Since the pledge was launched, over 150 people have signed, committing to give away at least half their fortunes, including some of the richest people on the planet. David Rockefeller was among the first people to join. In his pledge letter, Rockefeller wrote, “Our family continues to be united in the belief that those who have benefitted most from our nation’s economic system have special responsibility to give back to our society in meaningful ways.”

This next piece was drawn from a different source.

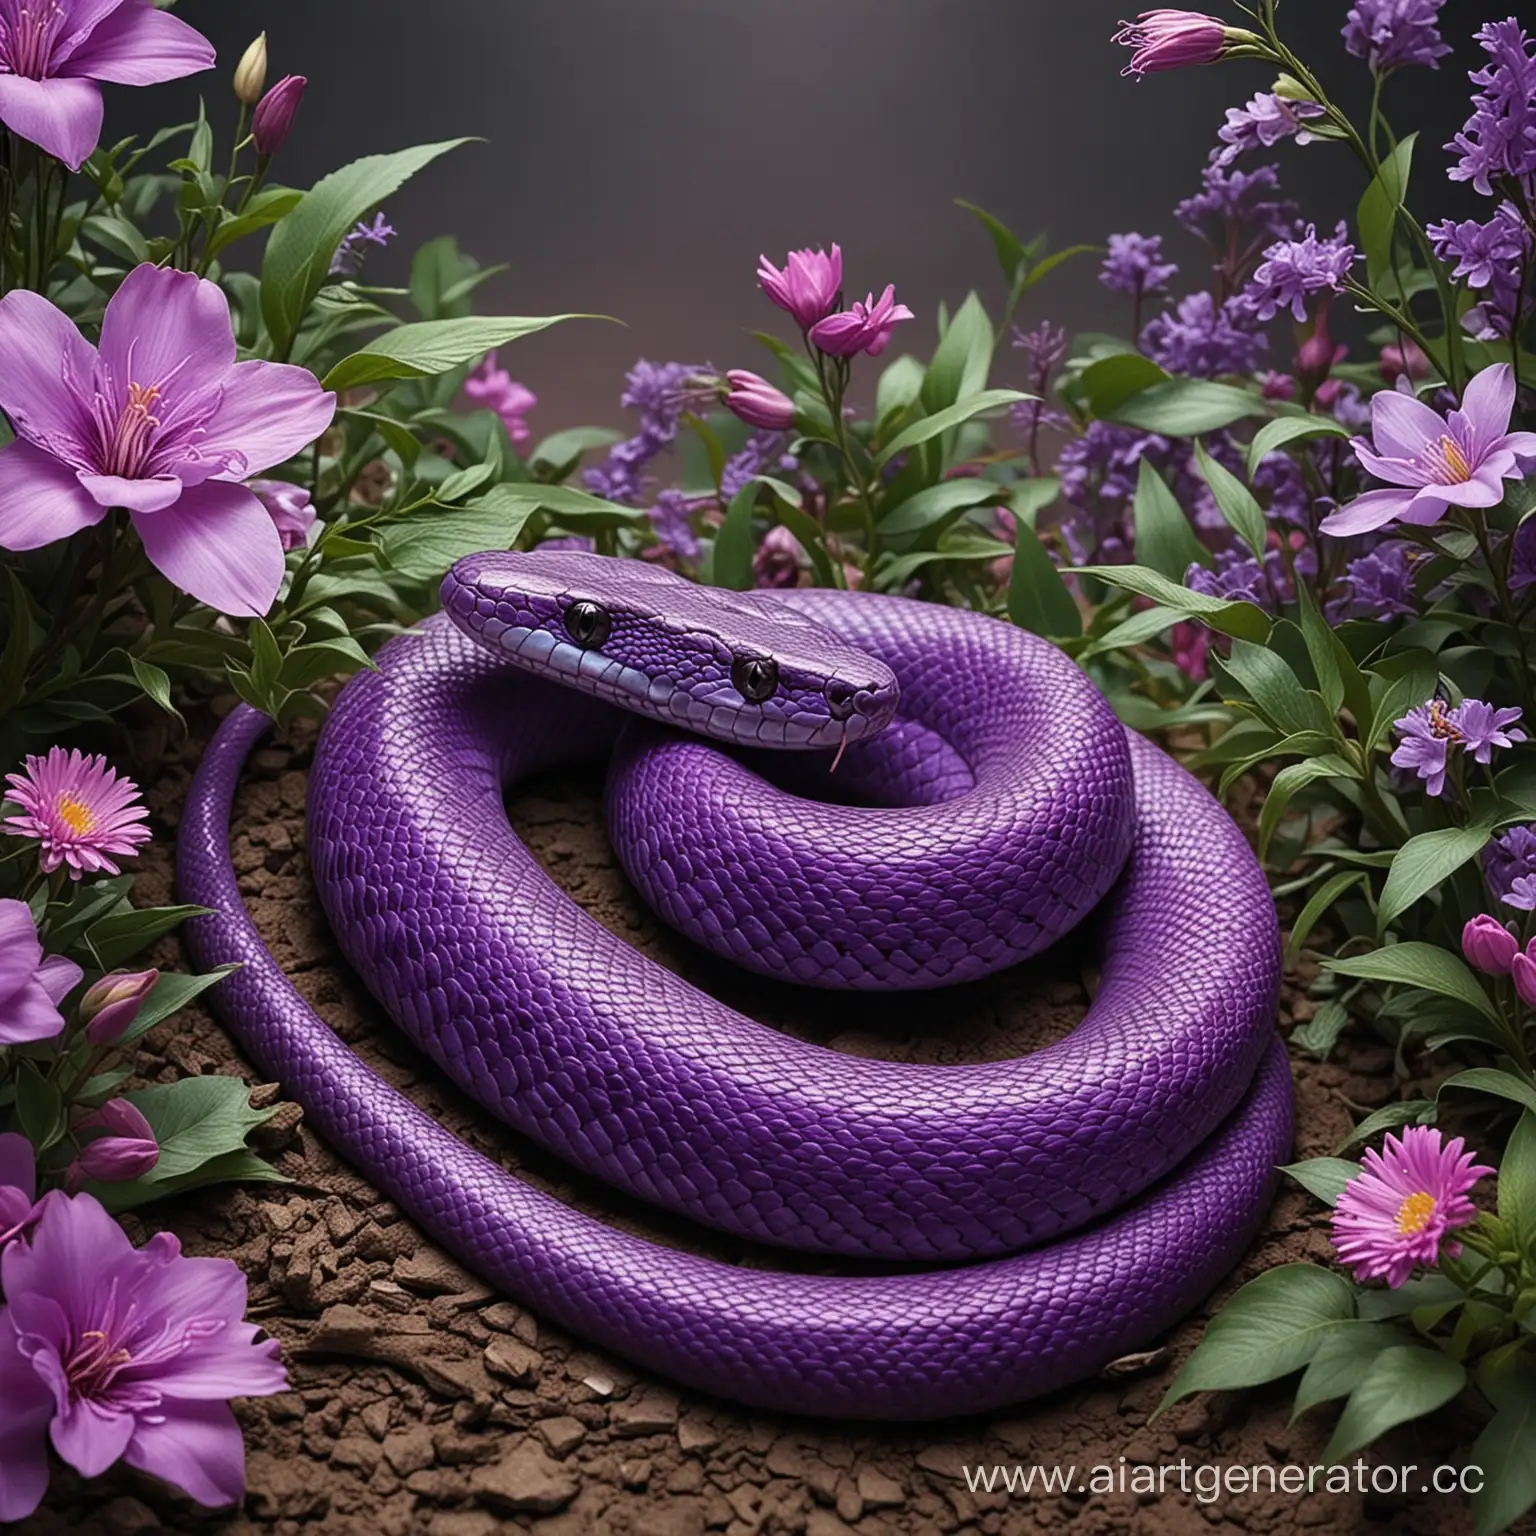 Vibrant-Purple-Snake-in-a-Lush-Garden-with-Flowers-and-Greenery

So what happens now to the Rockefeller philanthropic legacy? Well, in many ways, it remains robust. Beyond the David Rockefeller Fund and the Rockefeller Brothers Fund, the family also controls a third grantmaking entity, the Rockefeller Family Fund. The continuing heft of Rockefeller philanthropy has not just been underscored recently by the RBF’s role in the Iran nuclear deal, but also its help in funding investigative journalism about ExxonMobil’s deceptive practices on climate change—work that’s drawn enormous attention and sparked investigations of ExxonMobil by two state attorneys general (as well as a counter-probe by Texas U.S. Representative Lamar Smith.)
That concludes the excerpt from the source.